• [Work instruction]: Write out the data below in full, unchanged, minus the images.

• [Data]:
______________________________
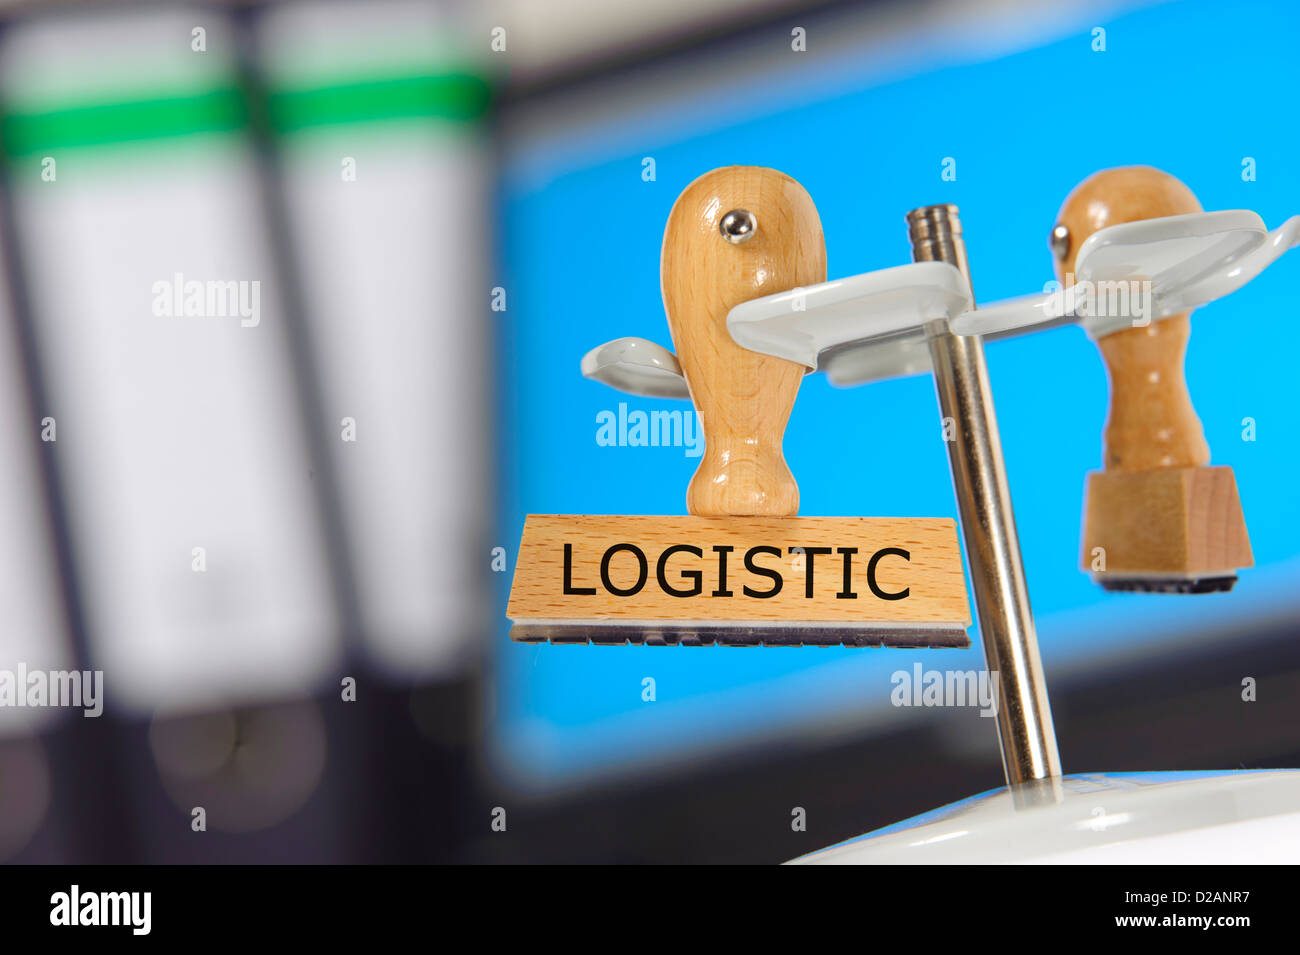 logistic printed on rubber stamp Stock Photo
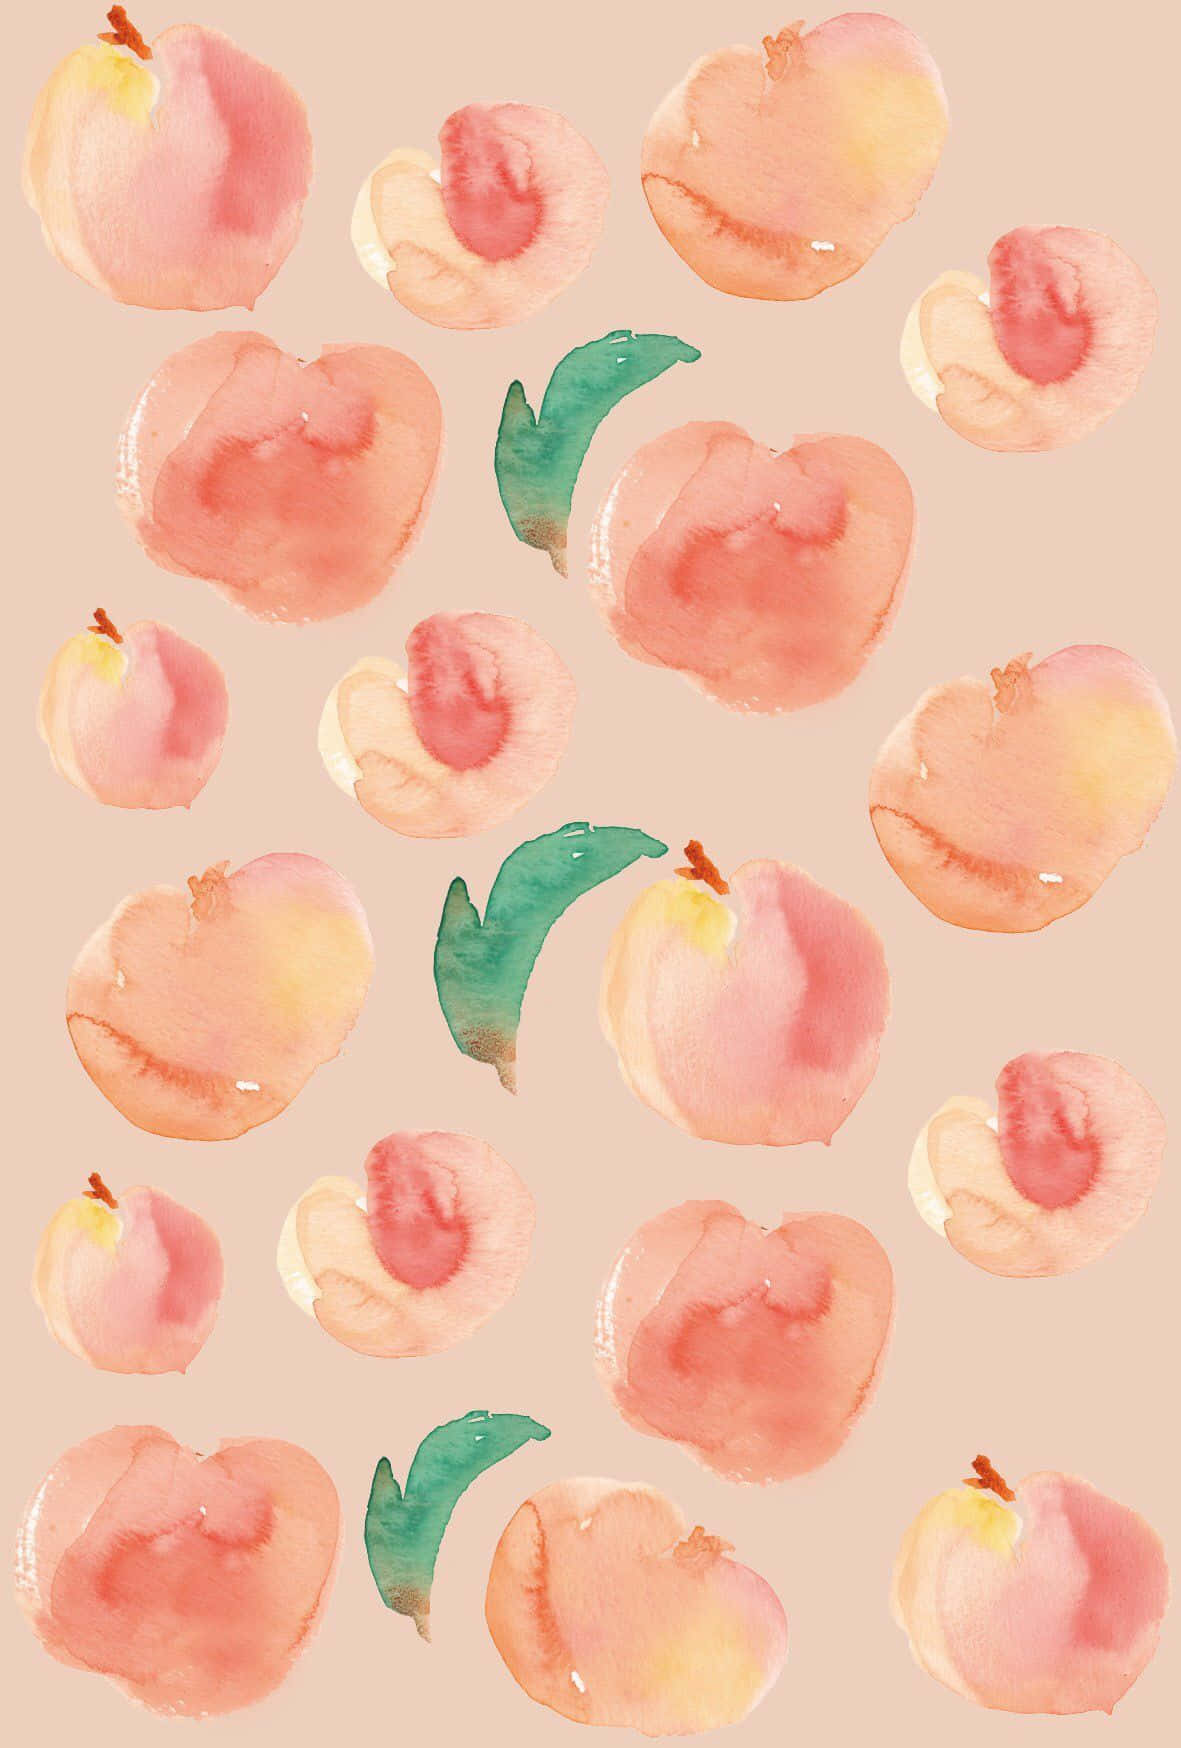 Upgrade to the New Peach Iphone Wallpaper
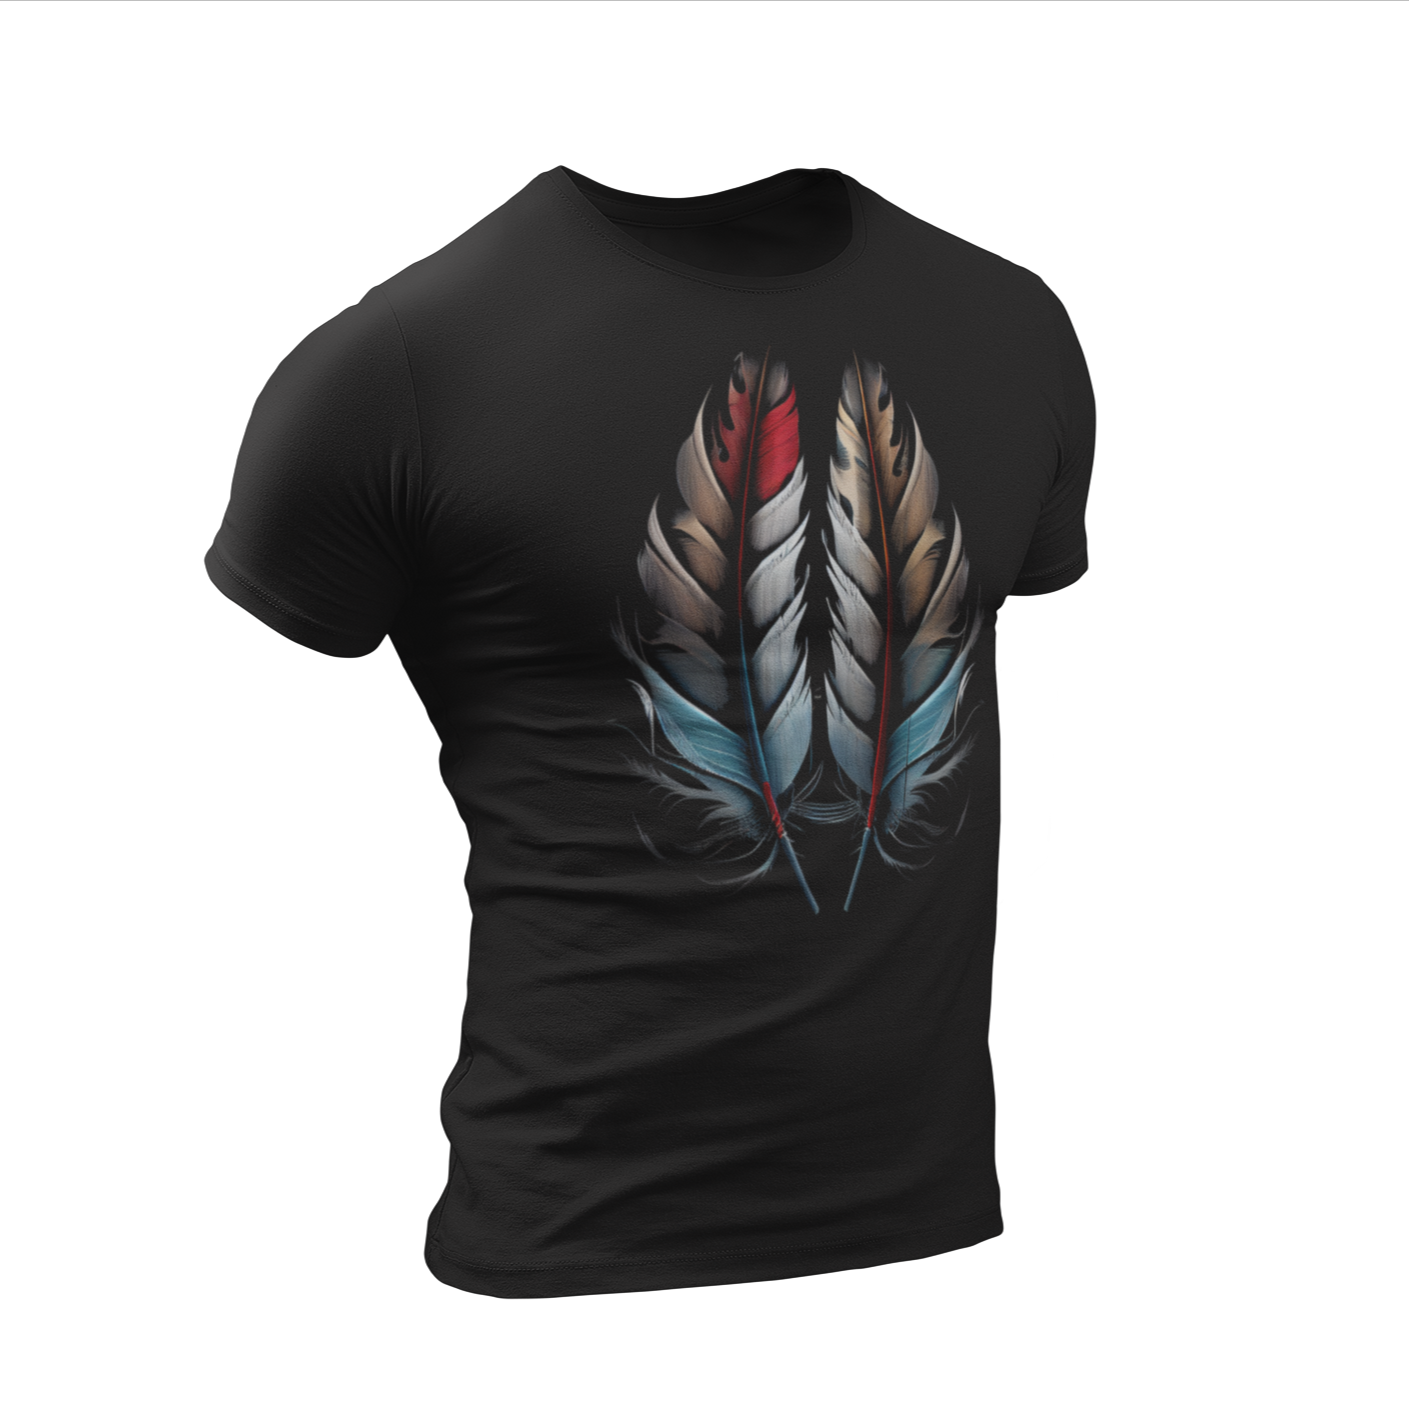 Black Tribal Feathers shirt by Made Inc
______________________________
• [Answer box]:
 logistic printed on rubber stamp Stock Photo
 Upgrade to the New Peach Iphone Wallpaper
 Black Tribal Feathers shirt by Made Inc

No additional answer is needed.